▽

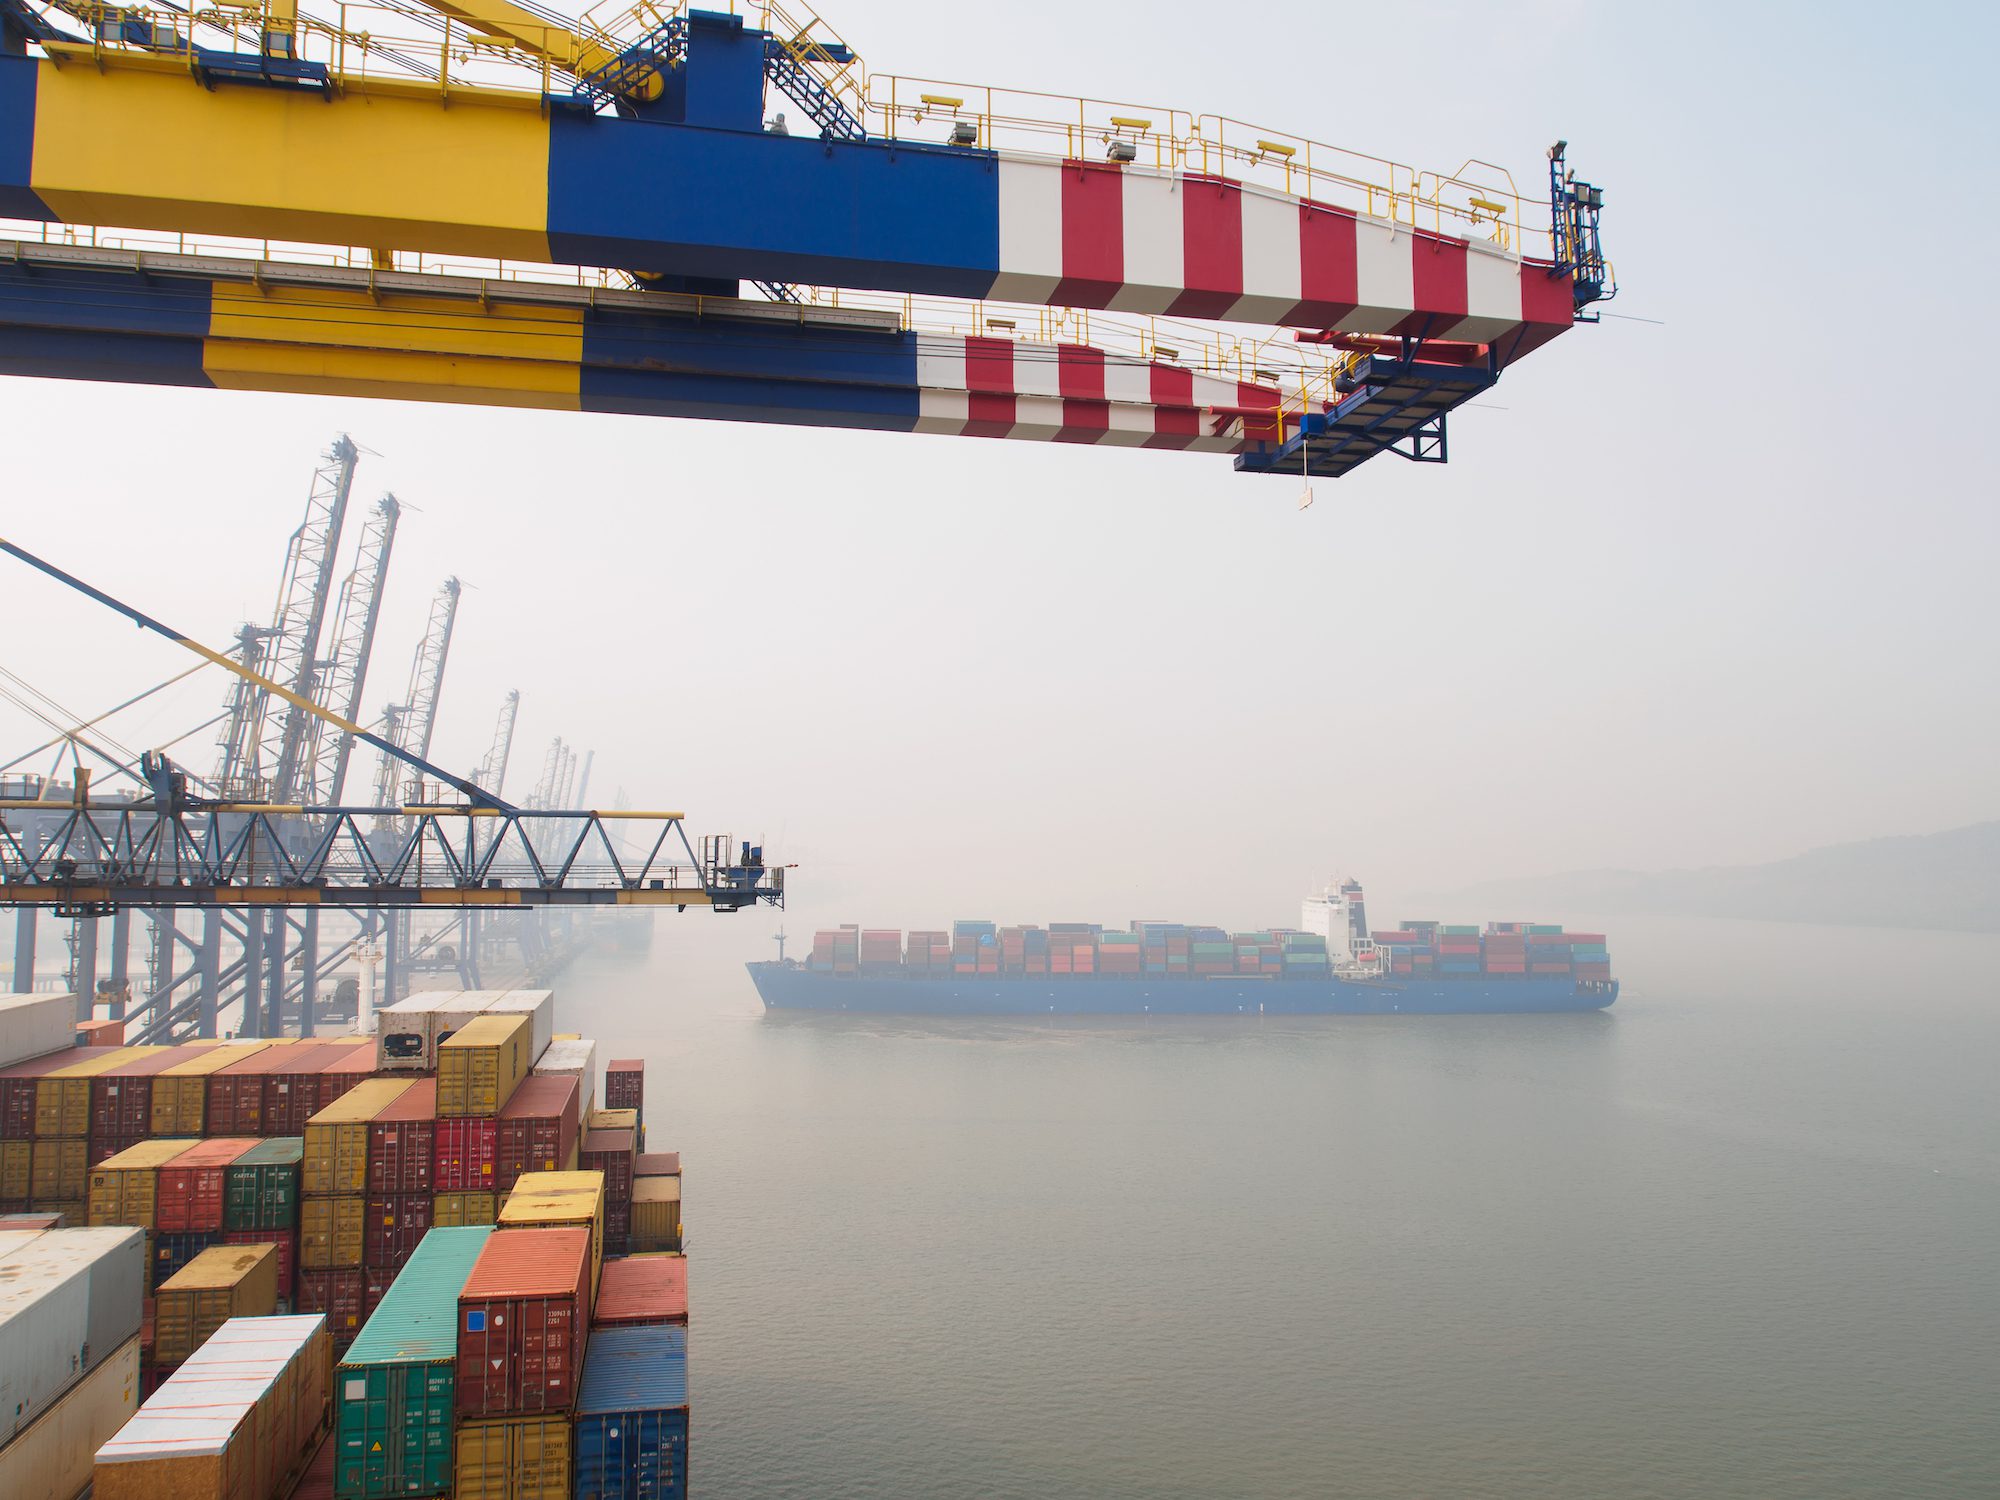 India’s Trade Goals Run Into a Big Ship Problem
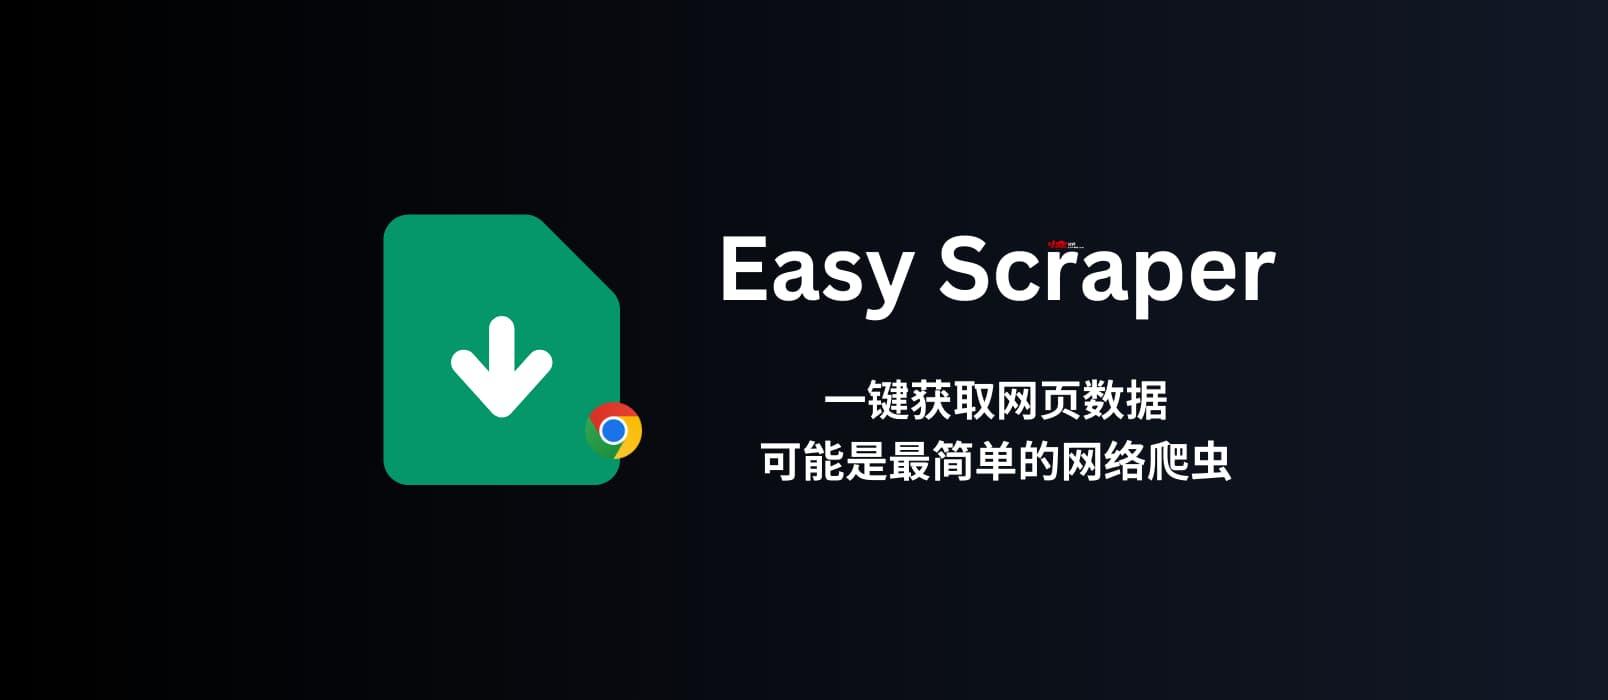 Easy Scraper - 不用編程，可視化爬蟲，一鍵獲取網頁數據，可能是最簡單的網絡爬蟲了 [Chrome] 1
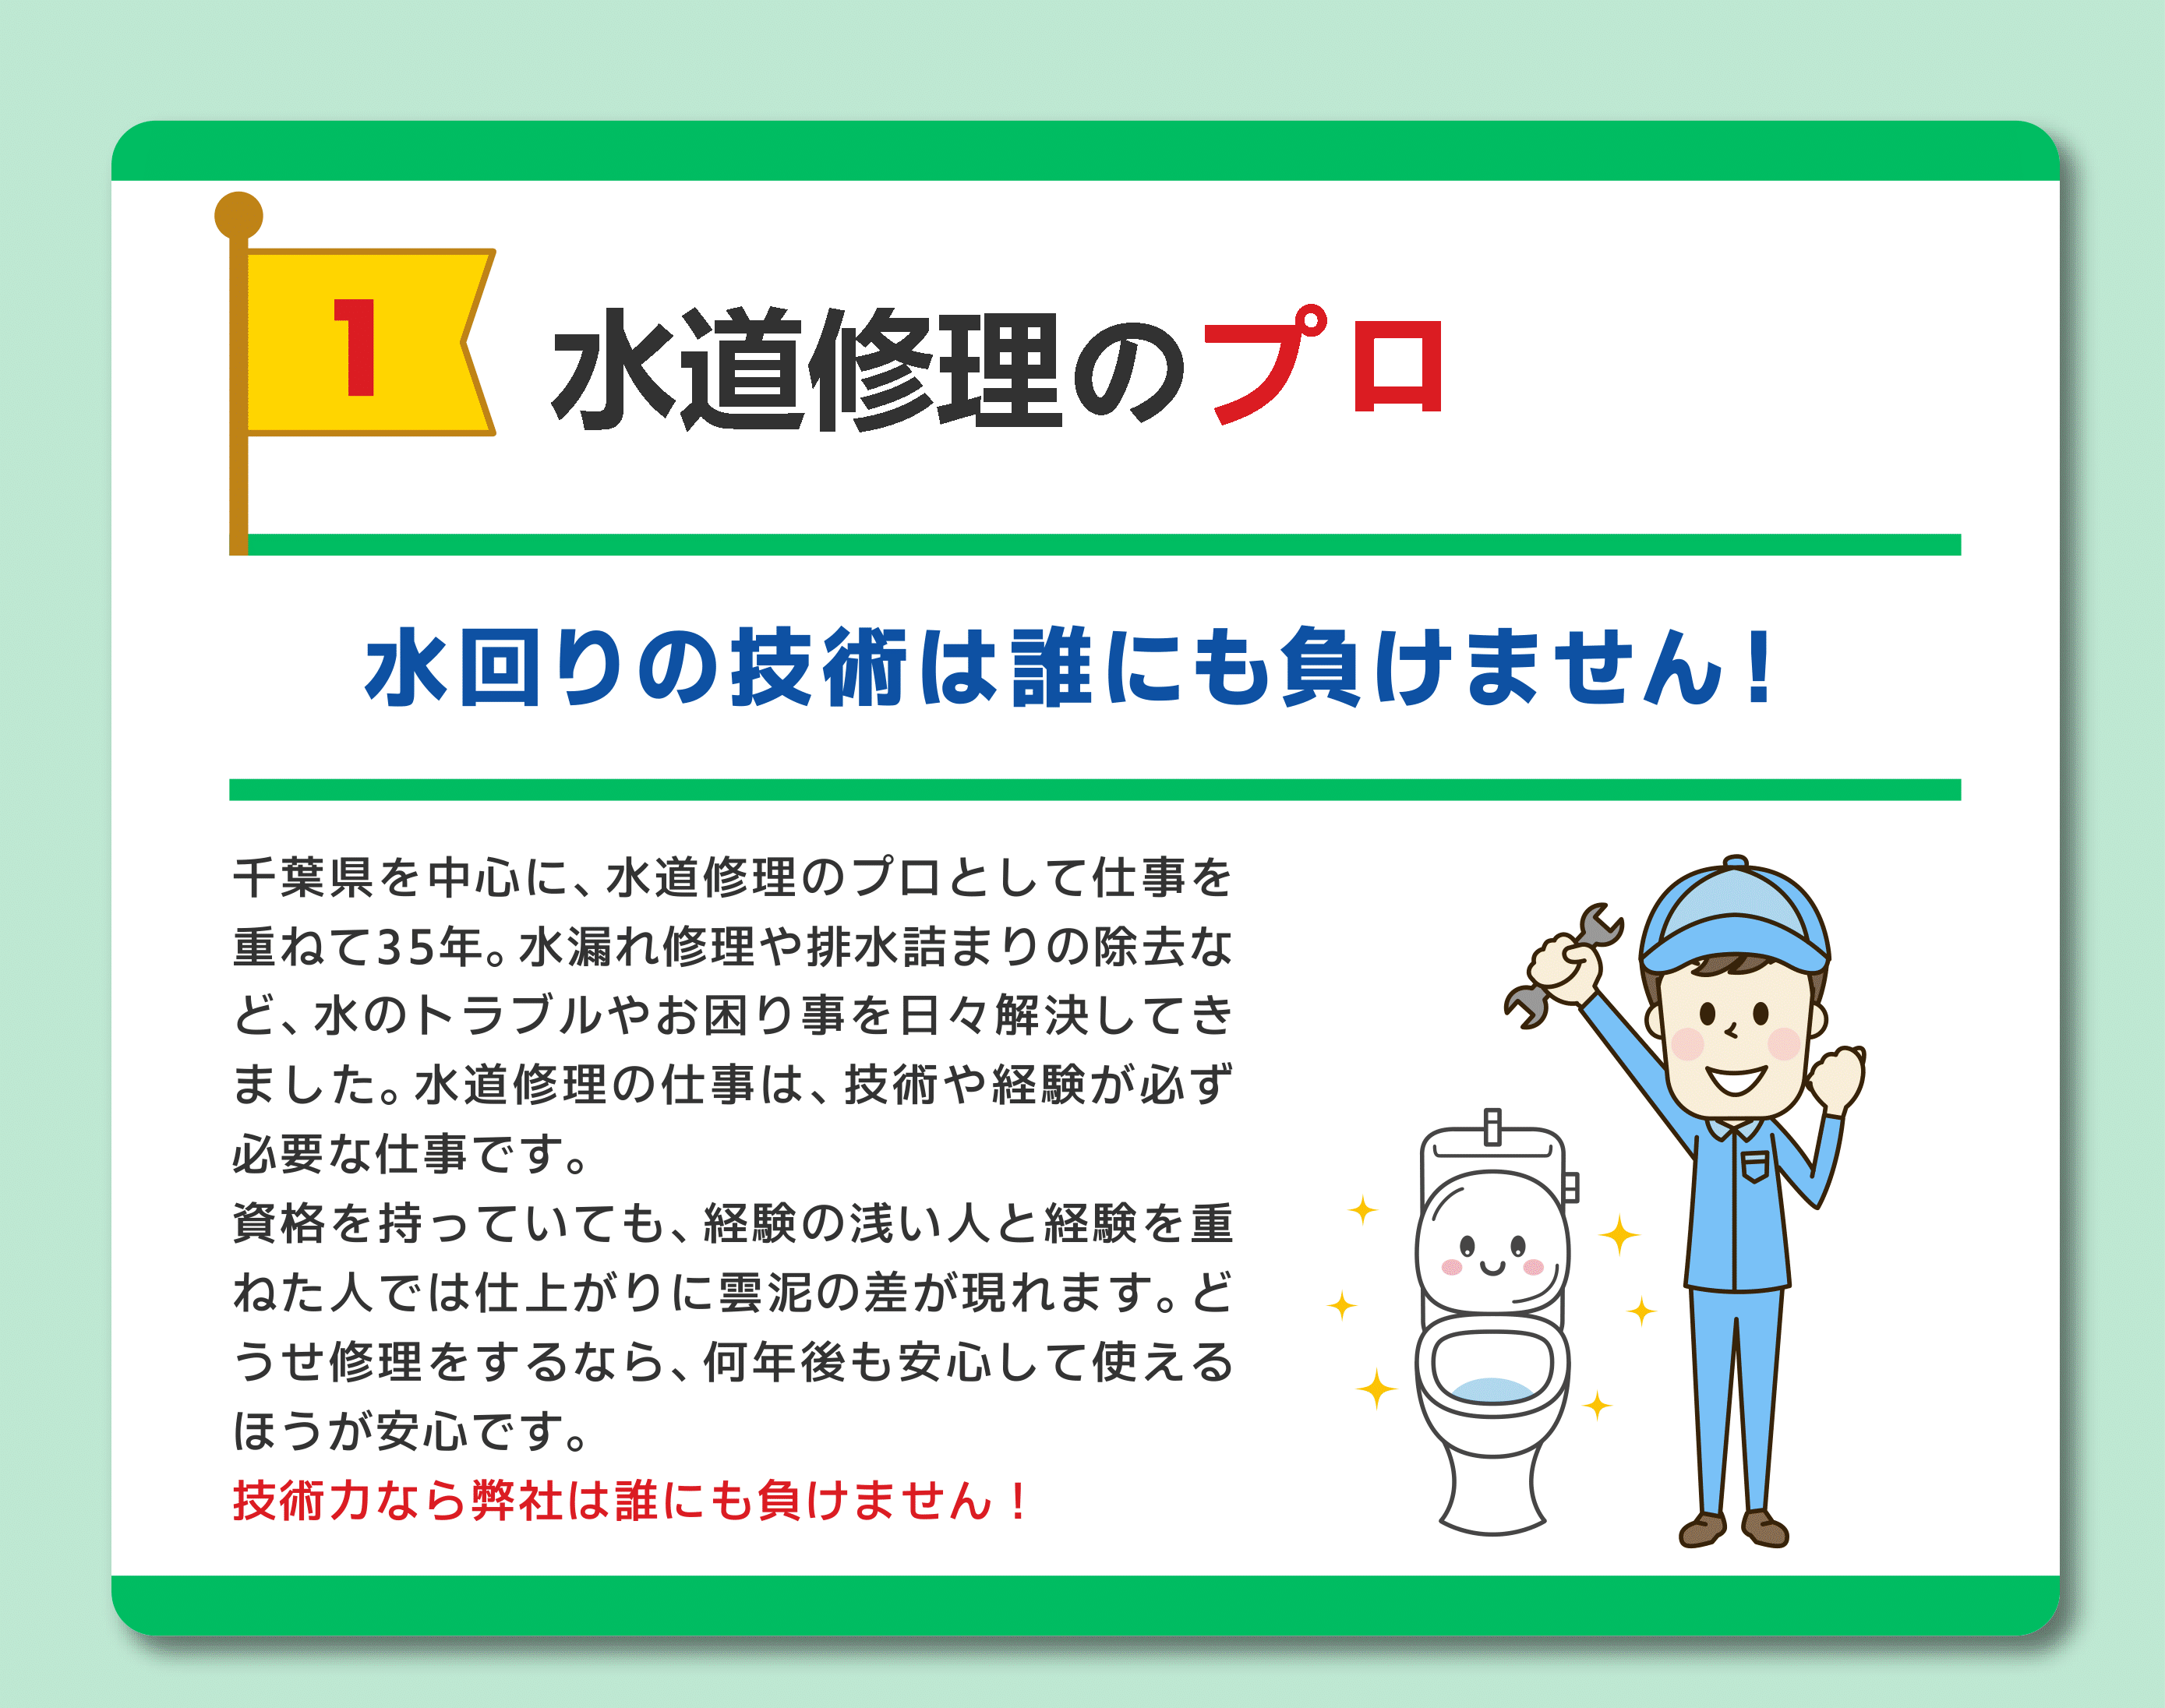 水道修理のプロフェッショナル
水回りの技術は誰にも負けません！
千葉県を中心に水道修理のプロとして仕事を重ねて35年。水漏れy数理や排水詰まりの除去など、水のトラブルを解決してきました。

△

Output each record above word for word, leaving out images.

 India’s Trade Goals Run Into a Big Ship Problem
 Easy Scraper - 不用編程，可視化爬蟲，一鍵獲取網頁數據，可能是最簡單的網絡爬蟲了 [Chrome] 1
 水道修理のプロフェッショナル
水回りの技術は誰にも負けません！
千葉県を中心に水道修理のプロとして仕事を重ねて35年。水漏れy数理や排水詰まりの除去など、水のトラブルを解決してきました。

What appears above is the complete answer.